– Да, вот в этом ящике, – уточнил аспирант.
– Удивительно, – задумчиво проговорил Макарский, – а я ведь как раз об этом думал. Вот буквально только что. Вы верите в мистику, Сережа?
Гущин пожал плечами и не ответил.
– Я верю, – вклинилась в разговор Анечка.
– Ну, вы-то понятно, – не отрывая взгляда от глаз Паганеля, улыбнулся профессор и махнул рукой. – Что скажете, мой юный друг?
– Про мистику, или про дневник? – Гущин растерялся.
– В данном контексте это одно и то же, – загадочно произнес Макарский. – Вчера на совещании в Академии принято очень важное решение. В ГЕОХИ создается новая лаборатория, которую мне предложили возглавить. Мы открываем уникальную научную тему, и я хочу, чтобы вы к ней подключились. Вы готовы?
– С вами, как пионер, всегда готов! А что за тема?
– После, после поговорим… Мне сейчас надо утрясти кое-какие дела с Жариковым, потом я на пару дней уеду, – Макарский закатил глаза, словно вычисляя что-то в уме. – А знаете что, приходите ко мне в гости, скажем, в субботу вечером. Там и поговорим. Посидим, обсудим все в домашней обстановке. И непременно вместе с барышней своей пожалуйте. Как ее, запамятовал, Анастасия? Марианна Викторовна будет очень рада.
– Спасибо, Лев Михайлович, – смутился Сергей, – обязательно придем.
– Непременно, – чеканно подтвердил профессор, вынул из портфеля какие-то бумаги и направился к выходу, но задержавшись на секунду у дверей, поинтересовался. – А что вы там хотели у меня спросить?
– Да вот, про Великанова… – Паганель замялся.
– Вы вот что, Сережа, возьмите-ка эту тетрадочку пока себе. Почитайте ее внимательно. Подумайте… Только, прошу, аккуратно.

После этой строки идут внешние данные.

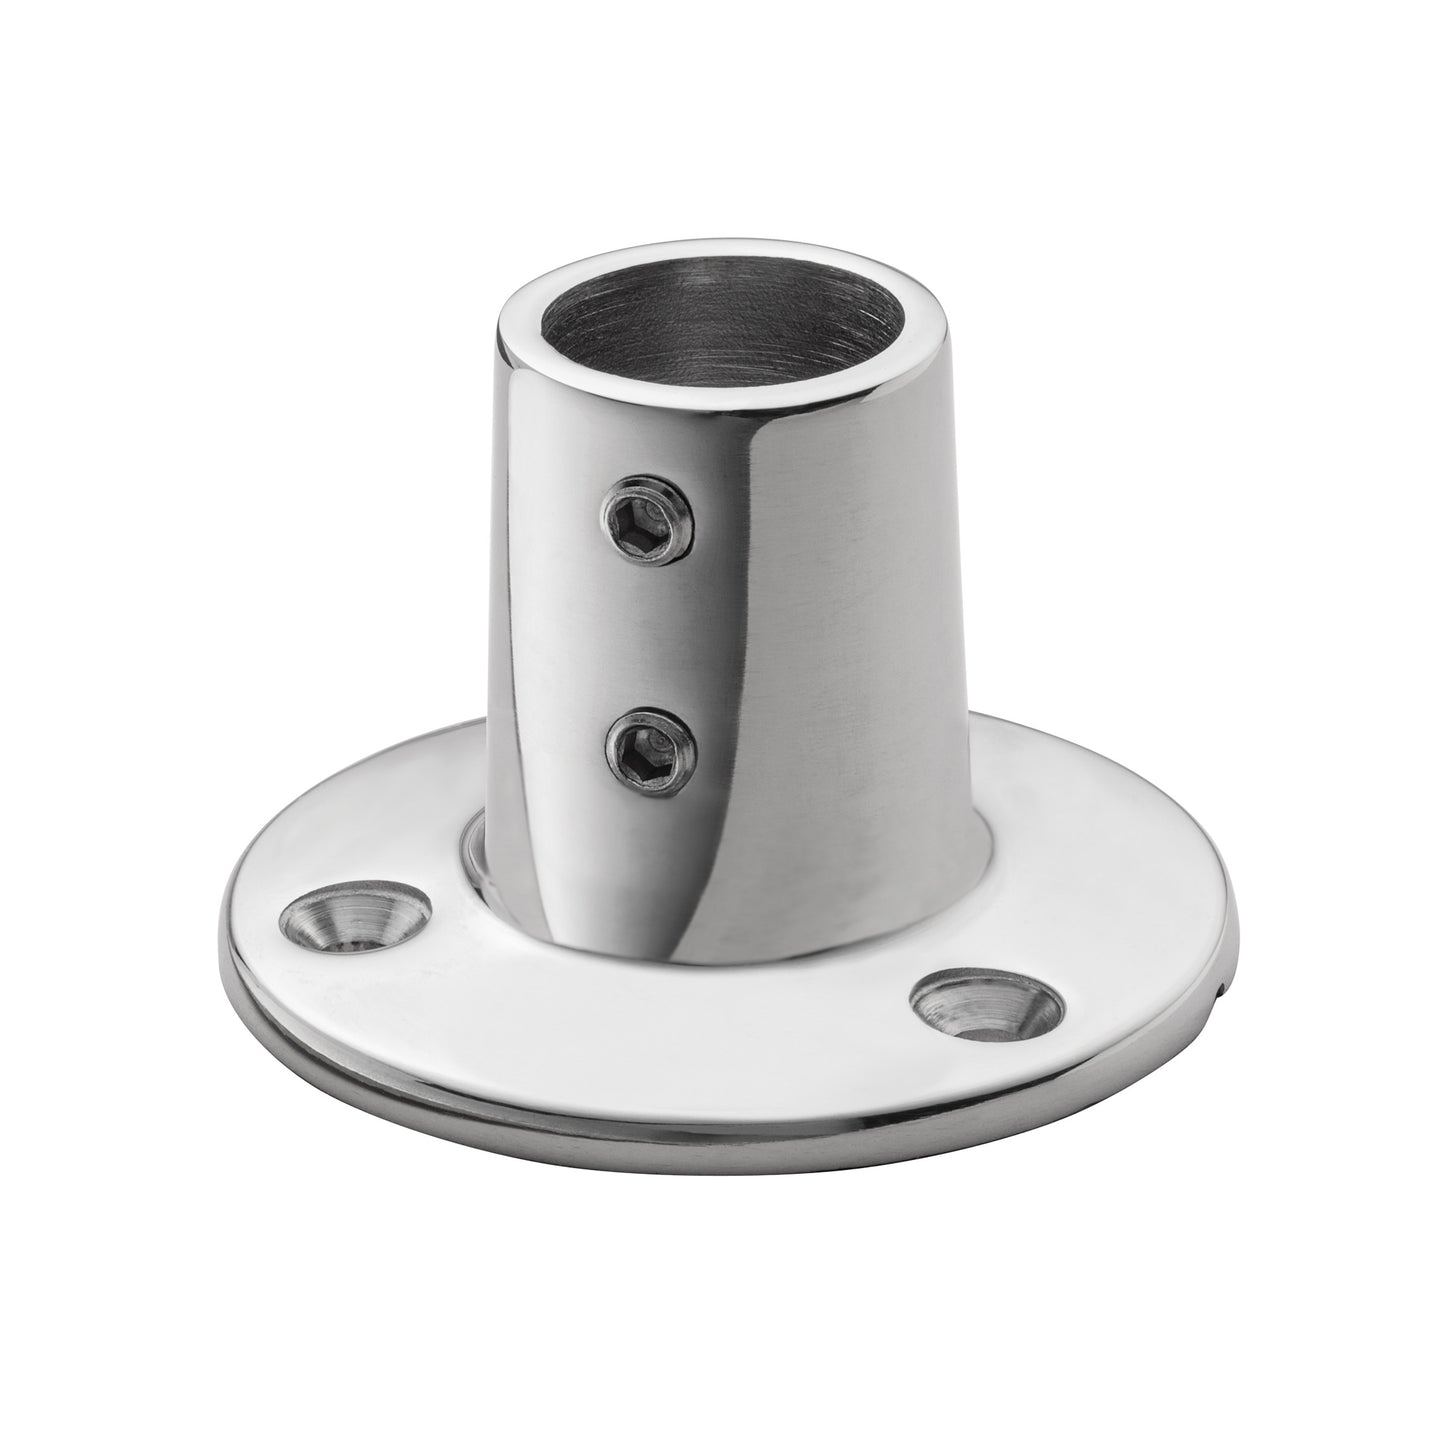 7/8" 316 Stainless Steel 90-Degree Round Base Rail Fitting

Музейный, можно сказать, экспонат.
Гущин кивнул, но профессор, уже не обращая на него никакого внимания, выскочил из кабинета.
Льву Михайловичу Макарскому шел шестьдесят восьмой год. За плечами уже было много всякого: и взлеты, и неудачи. Будучи лучшим учеником академиков Виноградова и Ковтуна, Макарский органично совмещал в себе глубину и цепкость истинного исследователя природы с талантом выдающегося организатора. Он видел научные проблемы насквозь и умел подмечать закономерности задолго до того, как они становились очевидны большинству ученых. Развивая идеи Вернадского и Виноградова о биогеоценозах, Макарский предложил сконцентрировать усилия на изучении фонового состава микроэлементов в организмах и в дальнейшем именно его рассматривать в качестве индикатора, отражающего геохимическую обстановку и историю среды их обитания.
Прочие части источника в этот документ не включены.